Once these new DB file and its parameters are in place check carefully both the JSON file with the entry for the new DB, and the generated CSV file.

Second script

The update_UCC.py script handles the following tasks:

Prepare the DB

  1. Checks if the new database is already in the JSON file.
  2. Validates the new database's name.
  3. Validates the new database's year.
  4. Checks for required and non-required columns.
  5. Checks for special characters in the name column (; or _).
  6. Replaces empty positions with NaNs.
  7. Adds the new database to the databases/all_dbs.json JSON file.
  • Files edited: databases/all_dbs.json, new DB (empty spaces, naming, etc)
  • Files generated: None

Check format and issues

  1. Checks for duplicate entries between the new database and the UCC.
  2. Checks for nearby GCs.
  3. Checks for OCs very close to each other within the new database.
  4. Checks for OCs very close to each other between the new database and the UCC.
  5. Checks for instances of 'vdBergh-Hagen' and 'vdBergh' (must be changed to 'VDBH' & 'VDB', per CDS recommendation).
  6. Checks positions and flags for attention if required.

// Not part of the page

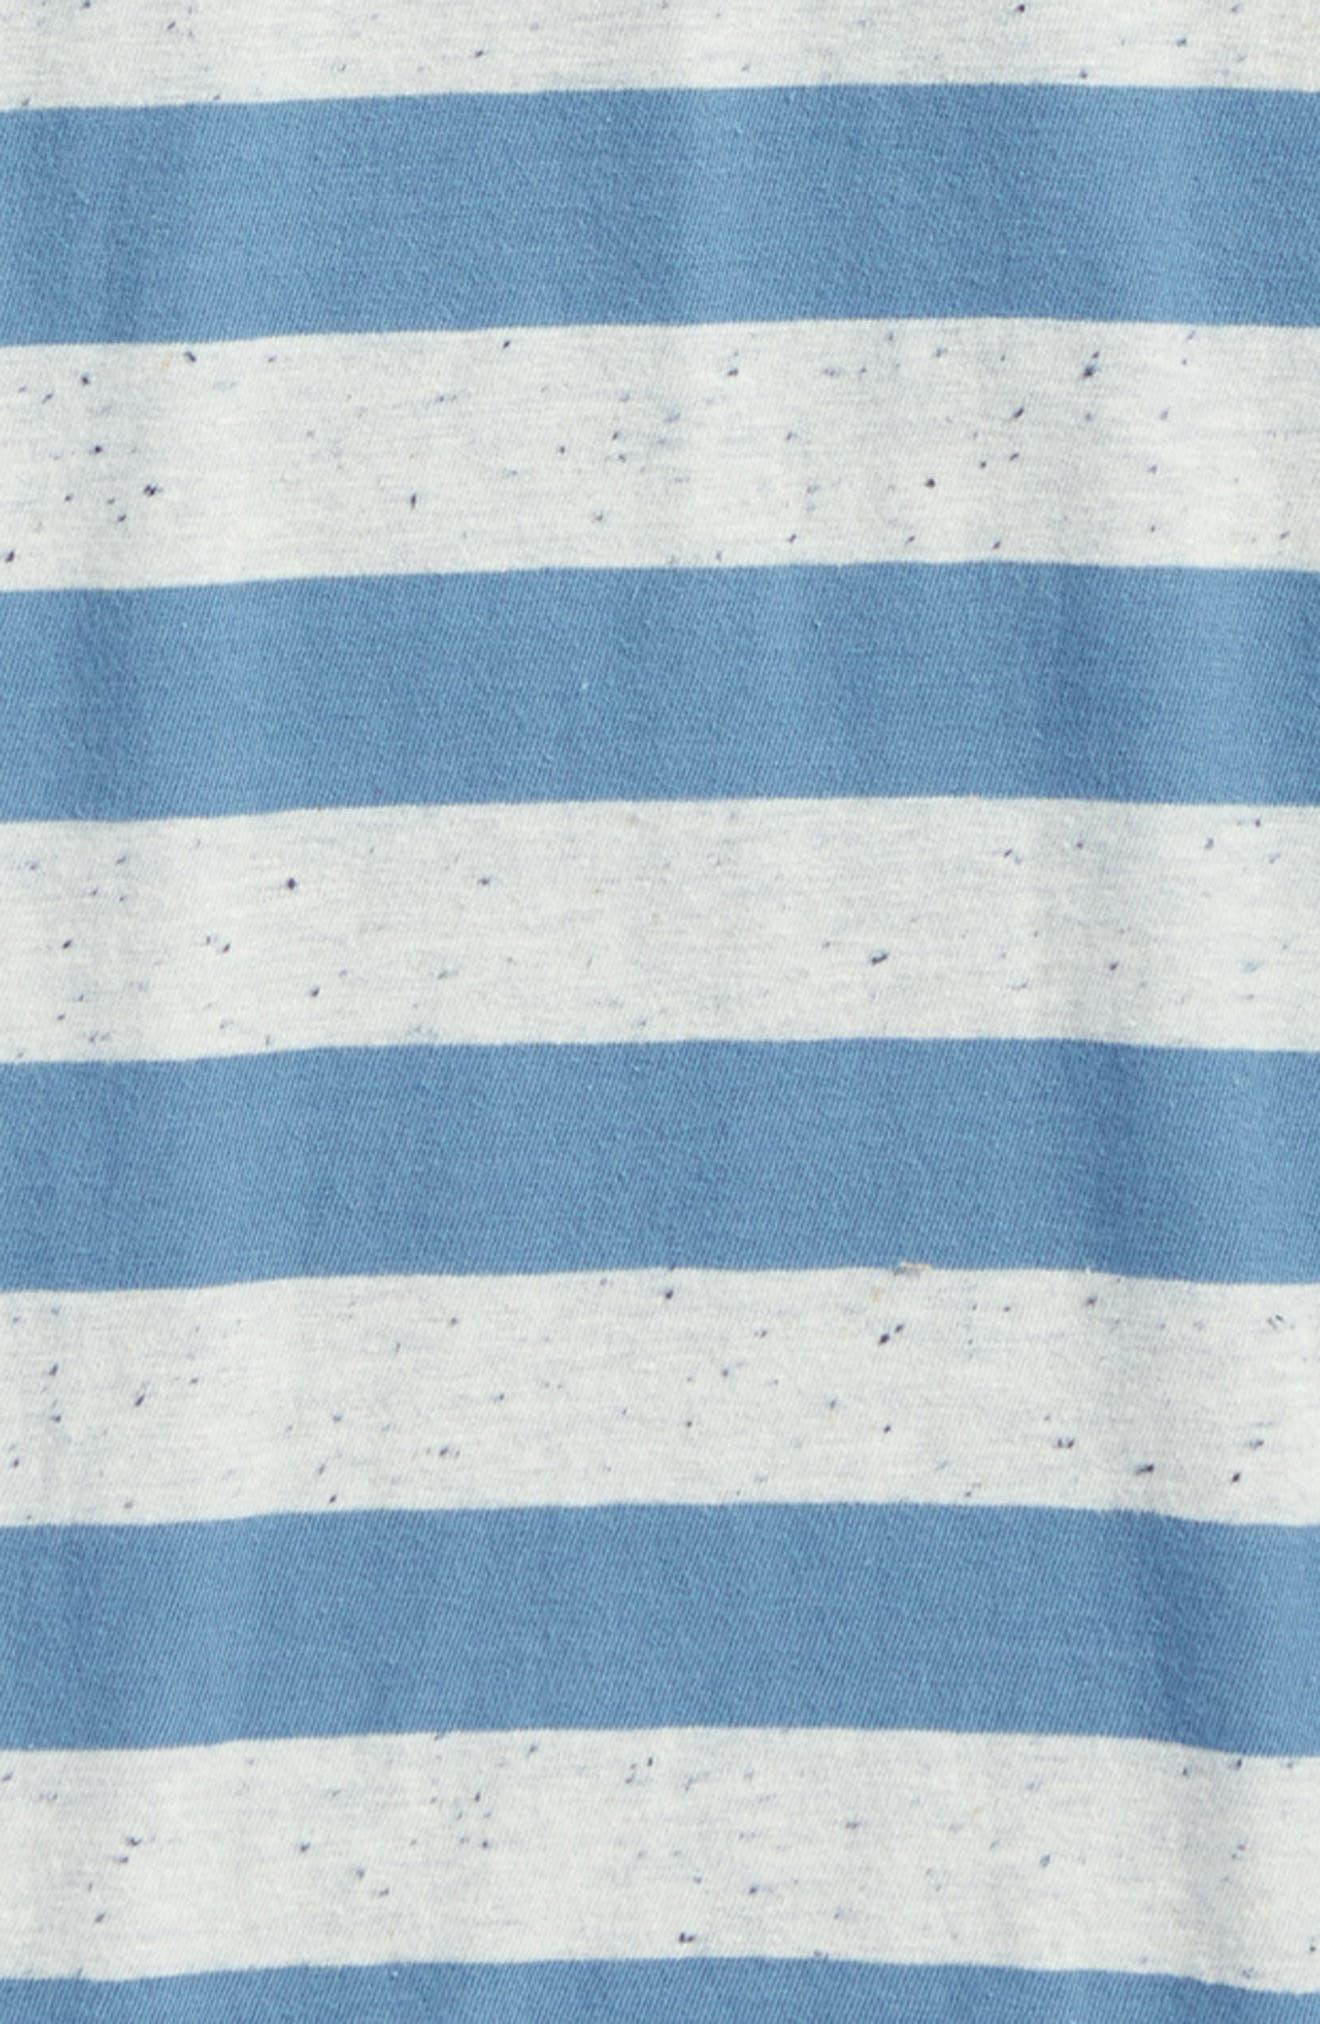 Scoundrel Striped Polo,                             Alternate thumbnail 8, color,
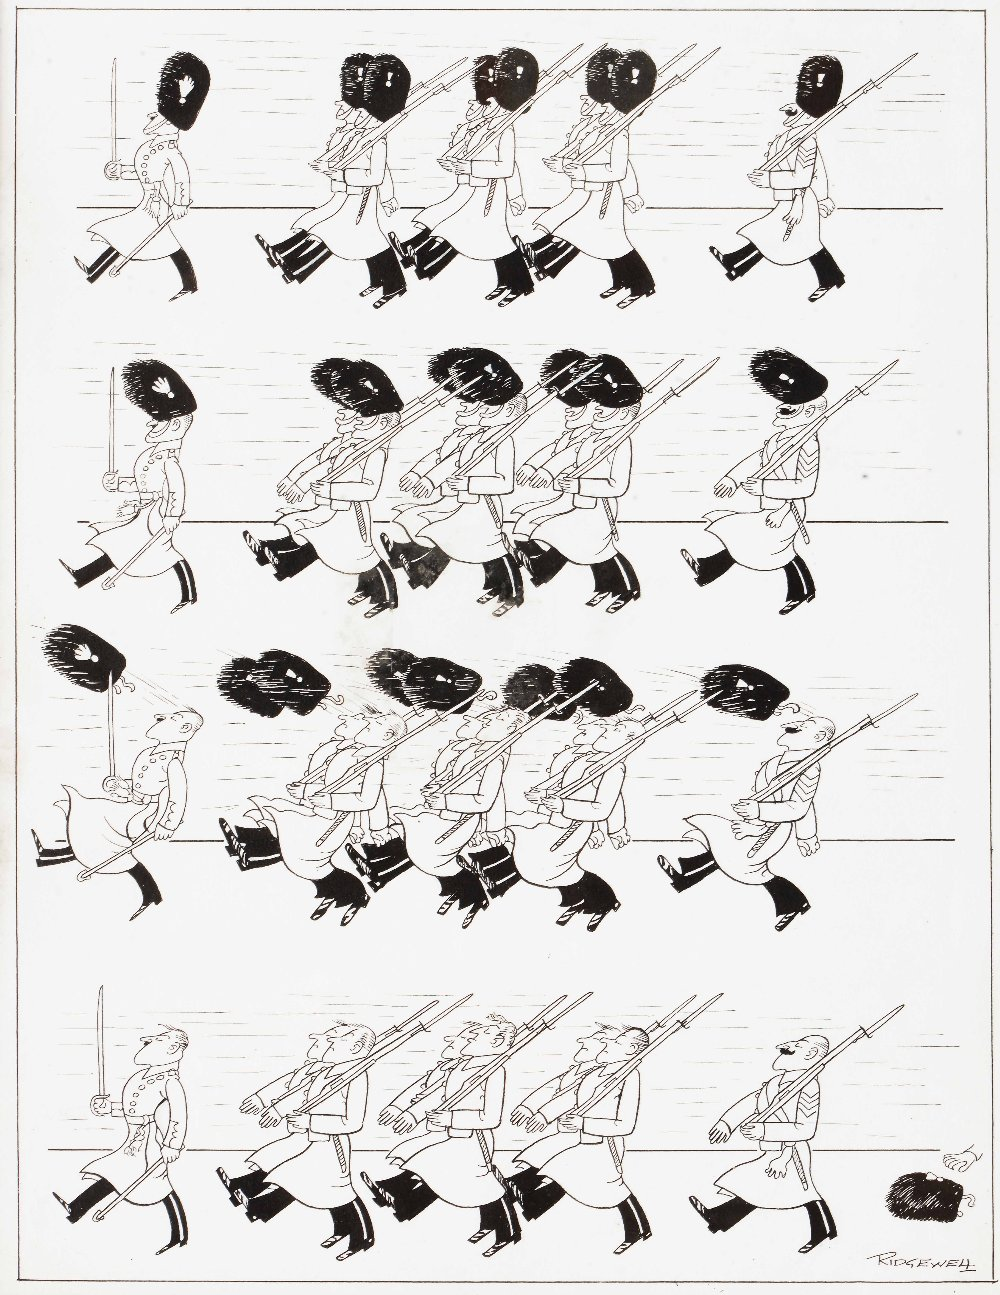 Lot 184 - WILLIAM RIDGEWELL (1881-1937) 'Discipline', signed and titled, original cartoon, pen and ink,

The position flags are handled as follows:

Is the OC already present in the UCC?
    |         |
    v         |--> No --> do nothing
   Yes
    |
    v
Is the difference between the old vs new centers values large?
    |         |
    v         |--> No --> do nothing
   Yes
    |
    v
Request attention
  • Files edited: None
  • Files generated: None

Generate a new UCC version

This process updates the current UCC_cat_XXYYZZ.csv catalogue with the OCs in the new DB. The 5D coordinates are not updated if the OC(s) is already present in the UCC.

  1. Combines the UCC and the new database.
  2. Assigns UCC IDs and quadrants for new clusters.
  3. Performs a final duplicate check.
  • Files edited: None
  • Files generated: zenodo/UCC_cat_XXYYZZ.csv (updated date)

Generate members' datafiles

If no new OCs were added by the previous script, this process is skipped. New OCs are identified as those with a nan value in the C3 column of the new zenodo/UCC_cat_XXYYZZ.csv file.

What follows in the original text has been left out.